While framed as development, CPEC offers China strategic overland access to the Arabian Sea and bolsters Pakistan’s military logistics in sensitive frontier regions. As Beijing exports not just finance and technology but also private security, the line between commerce and military ambition continues to blur.

That is why, behind the steel-reinforced bunkers and encrypted telecom towers reportedly built with Chinese assistance, lies a deeper logic: the infrastructure of deterrence. Sources indicate that China is helping upgrade Pakistan’s surveillance and communication capacities in frontier areas. This is not just about projecting influence – it’s about insulating its investment corridor from sabotage, insurgency, and geopolitical flare-ups.

Recent battlefield evidence – including the recovery of Chinese-made PL-15E missile debris in Punjab and encrypted telecom devices in the hands of cross-border militants – has sparked alarm in New Delhi. Yet this hardware, while symbolic of deeper defence ties, also betrays the vulnerabilities China seeks to contain. The more CPEC embeds itself in disputed territory, the more exposed it becomes to cycles of violence. And the more China invests, the more it has to lose.

Already, the stakes are high. Chinese private security contractors, once active mostly in Africa, are now quietly expanding operations in Pakistan – including in Sindh and potentially in Kashmir. In Sindh alone, particularly at the Thar coal power projects, approximately 60 Chinese security personnel have been deployed to safeguard Chinese nationals working on CPEC-linked infrastructure. Firms like DeWe Security and Frontier Services Group (FSG) are tasked with protecting Chinese workers, but their presence hints at an uncomfortable reality: Beijing does not fully trust the Pakistani state to secure its nationals.

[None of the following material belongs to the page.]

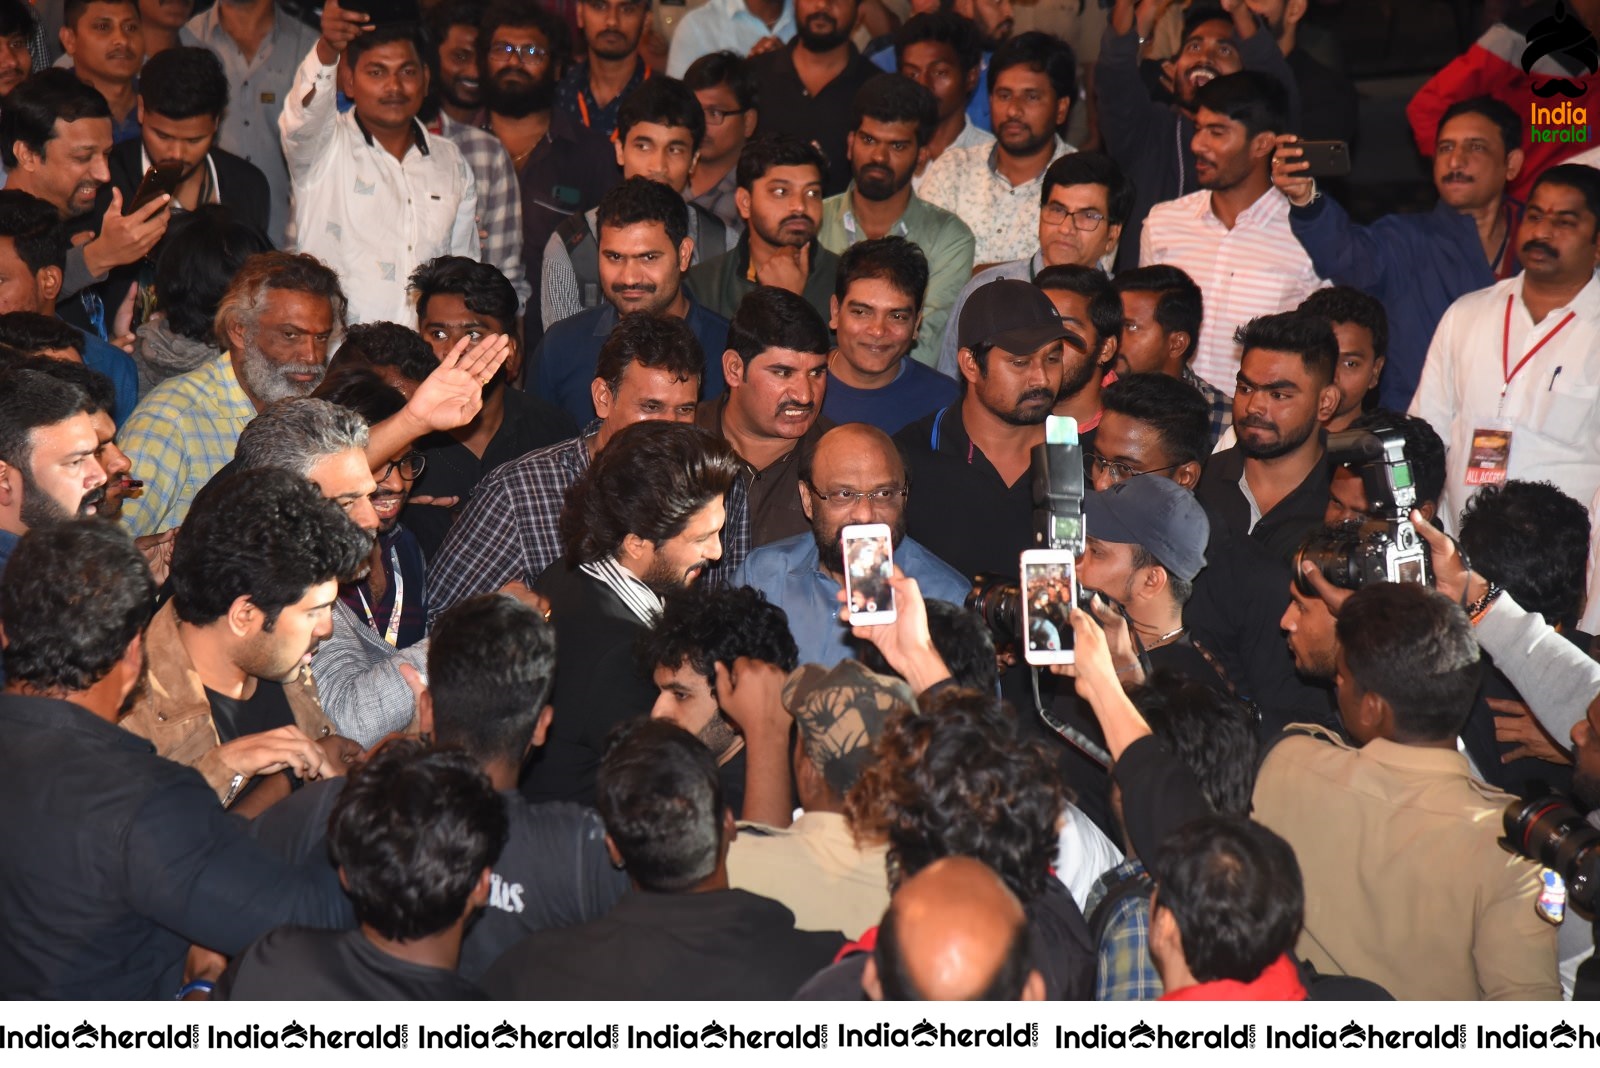 Actor Allu Arjun mobbed by Crowd during his Mass Entry Set 2

According to the Africa Centre for Strategic Studies, Beijing DeWe and Huaxin Zhong An employ over 35,000 personnel across Africa, South Asia, and the Middle East. In Kenya alone, DeWe guards the $3.6-billion Chinese-funded railway line. This growing international footprint now appears to extend into volatile regions of Pakistan, including Sindh and, potentially, Kashmir.

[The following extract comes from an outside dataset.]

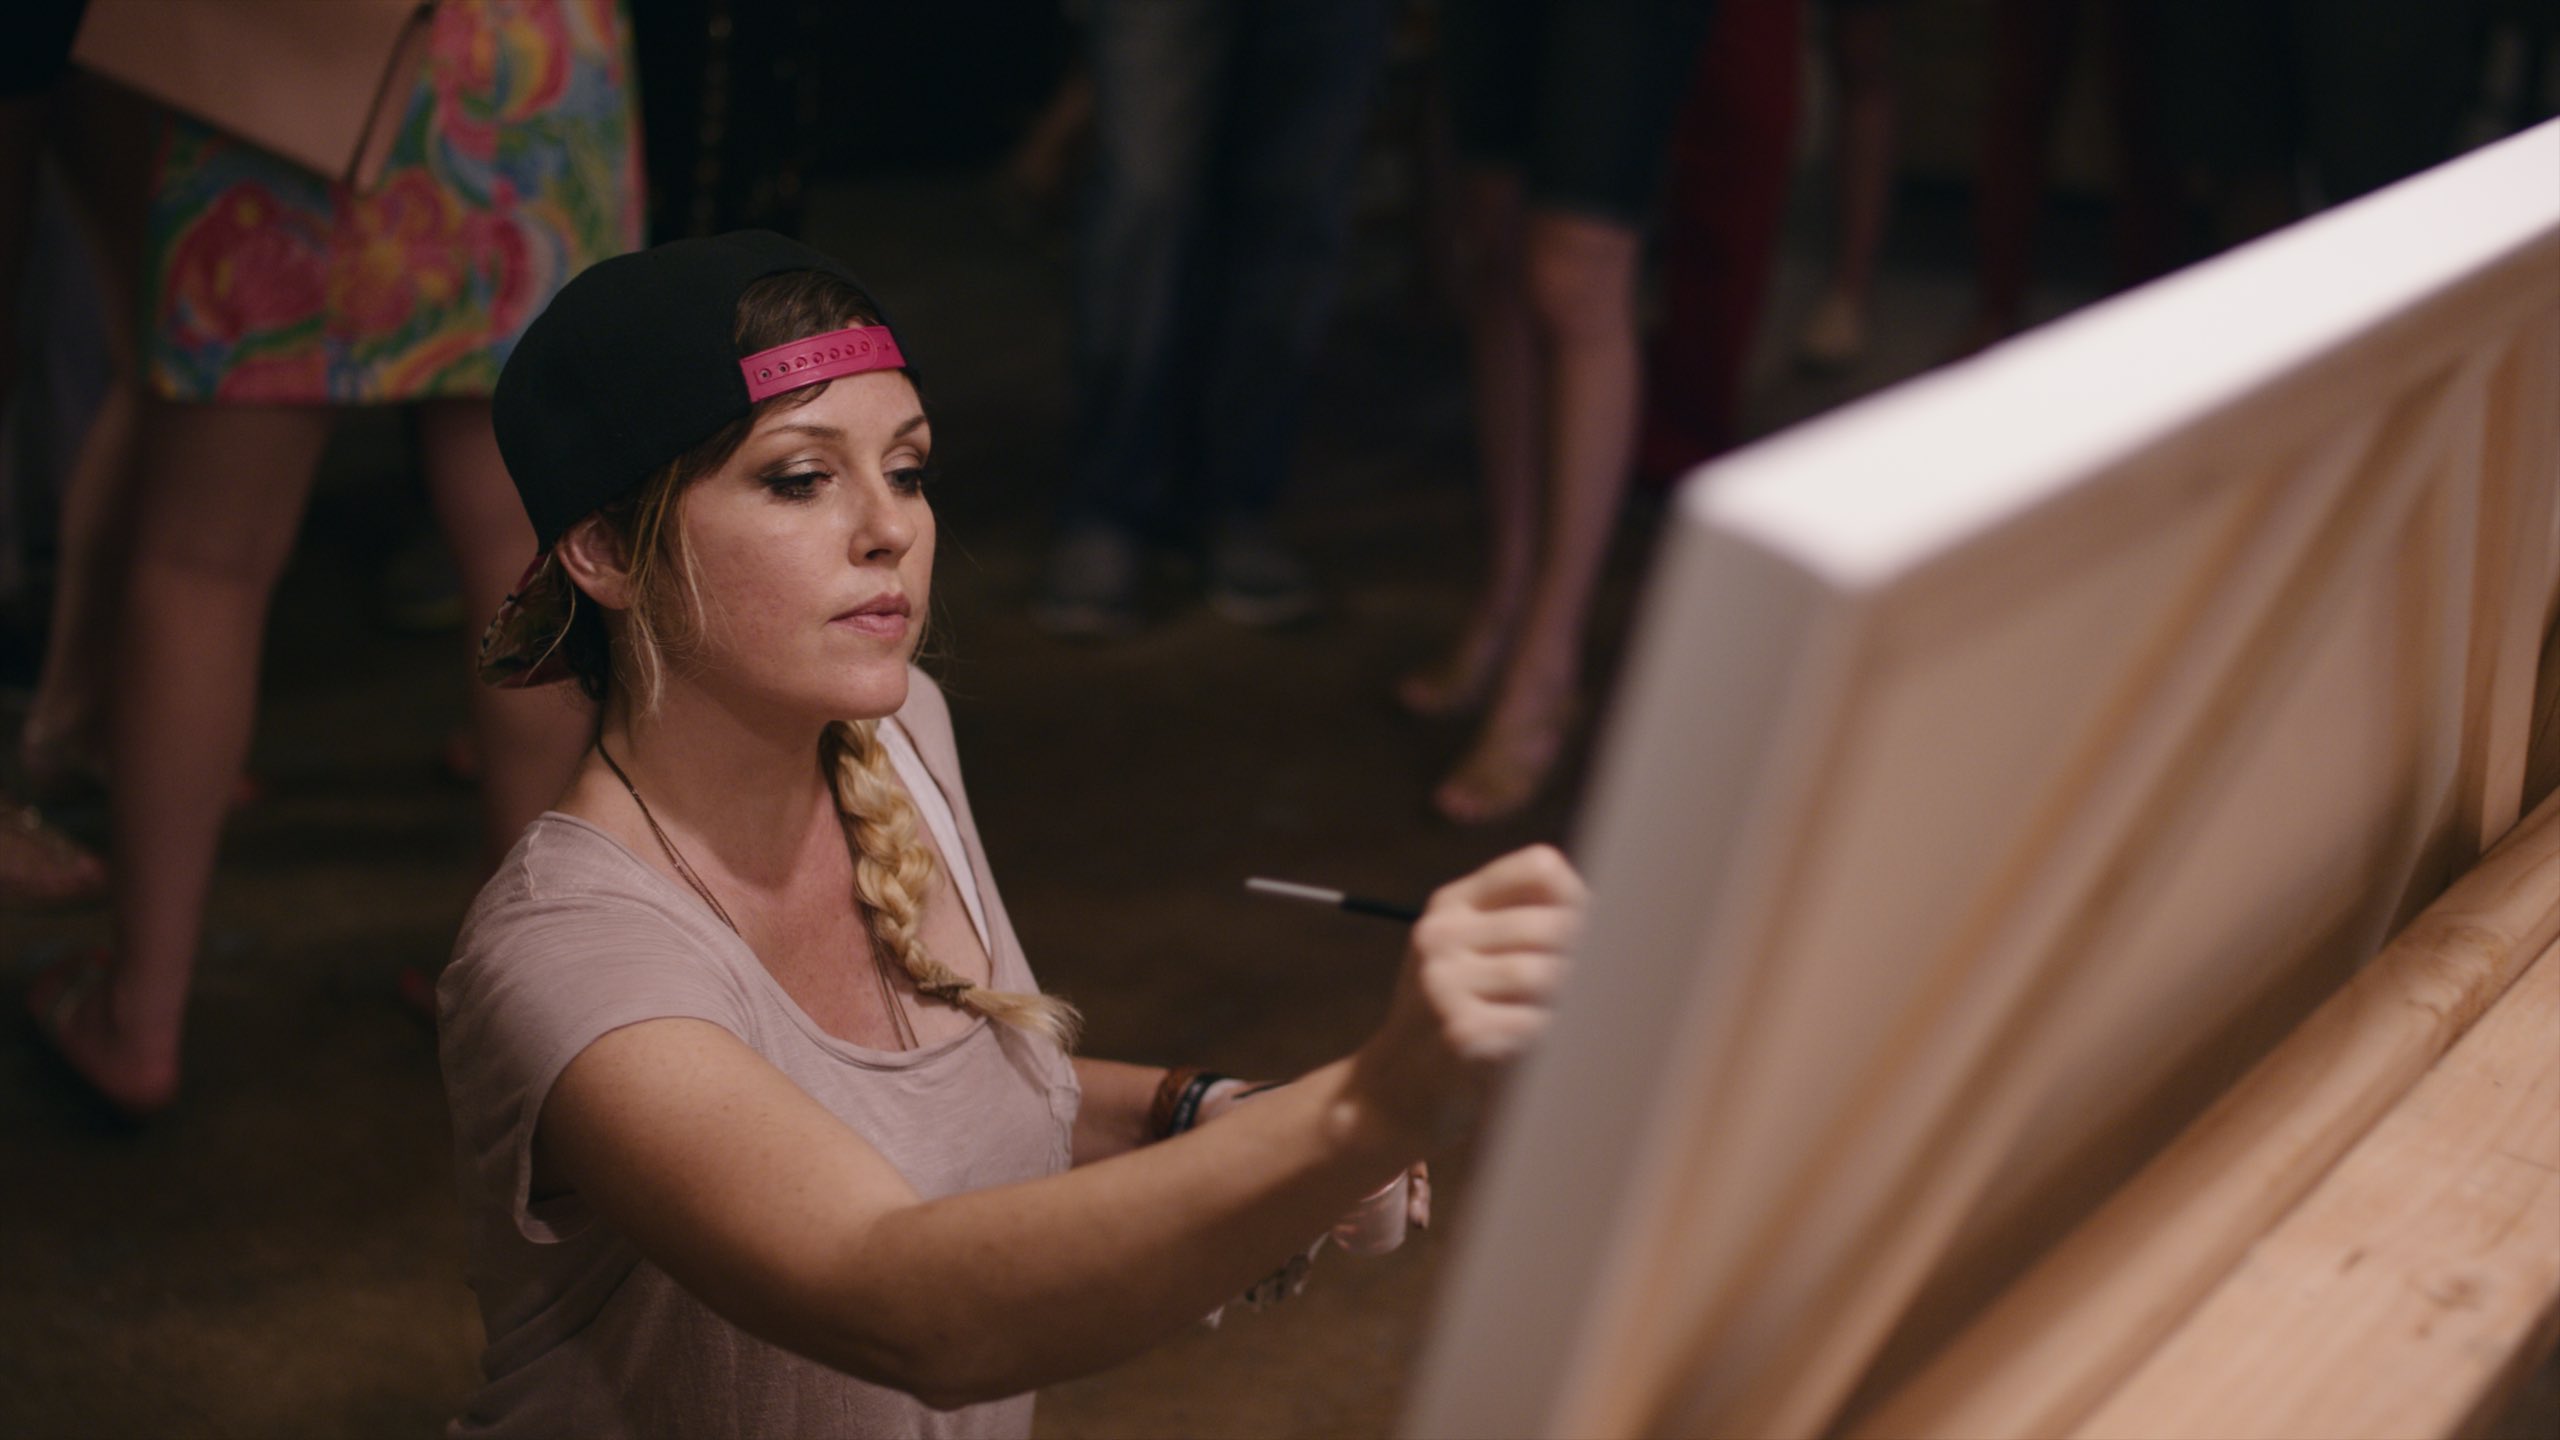 Art Battle International Woman with long blond hair wearing a black and pink cap on backwards painting on canvas with people behind her

This reliance on paramilitary proxies is double-edged. While it may offer short-term protection, it also risks entangling China in South Asia’s sectarian and insurgent fault lines. The Mercator Institute for China Studies (MERICS), a Berlin-based think tank and one of Europe’s leading authorities on Chinese policy, has highlighted this risk. Established in 2013 by Germany’s Stiftung Mercator, MERICS analyses China’s political, economic, and security strategies and their global implications. It warns that the spread of Chinese private security companies presents a “strategic challenge” to European and allied interests, particularly because their activities are largely unregulated and their contractors often lack the training to operate in complex conflict zones.

FSG, co-founded by former US Navy SEAL Erik Prince, has publicly endorsed China’s Belt and Road Initiative. MERICS reports that the company has signed contracts to build logistics and training bases in Xinjiang – moves that have drawn scrutiny given the region’s documented human rights abuses.

China’s broader ambitions – whether in Africa, Central Asia, or the Indian Ocean – depend on a narrative of non-interference and peaceful development. A high-profile clash involving Chinese assets or citizens in Kashmir would jeopardise not only CPEC, but the very model China is trying to export: infrastructure-led diplomacy, backed by commerce, not confrontation.

An Indian security analyst puts it bluntly: “The Chinese presence in PoK is a double bind. Yes, it helps Pakistan militarily. But it also binds China to a region it can’t control, in a conflict it doesn’t want to own.”

For Beijing, therefore, the challenge is to balance its strategic foothold with its global image. The Line of Control may be a frontier between two rivals – but for China, it is increasingly a fault line that must not rupture. CPEC cannot run through chaos. In that sense, stability in Kashmir isn’t just India’s concern, it’s additionally become a Chinese imperative.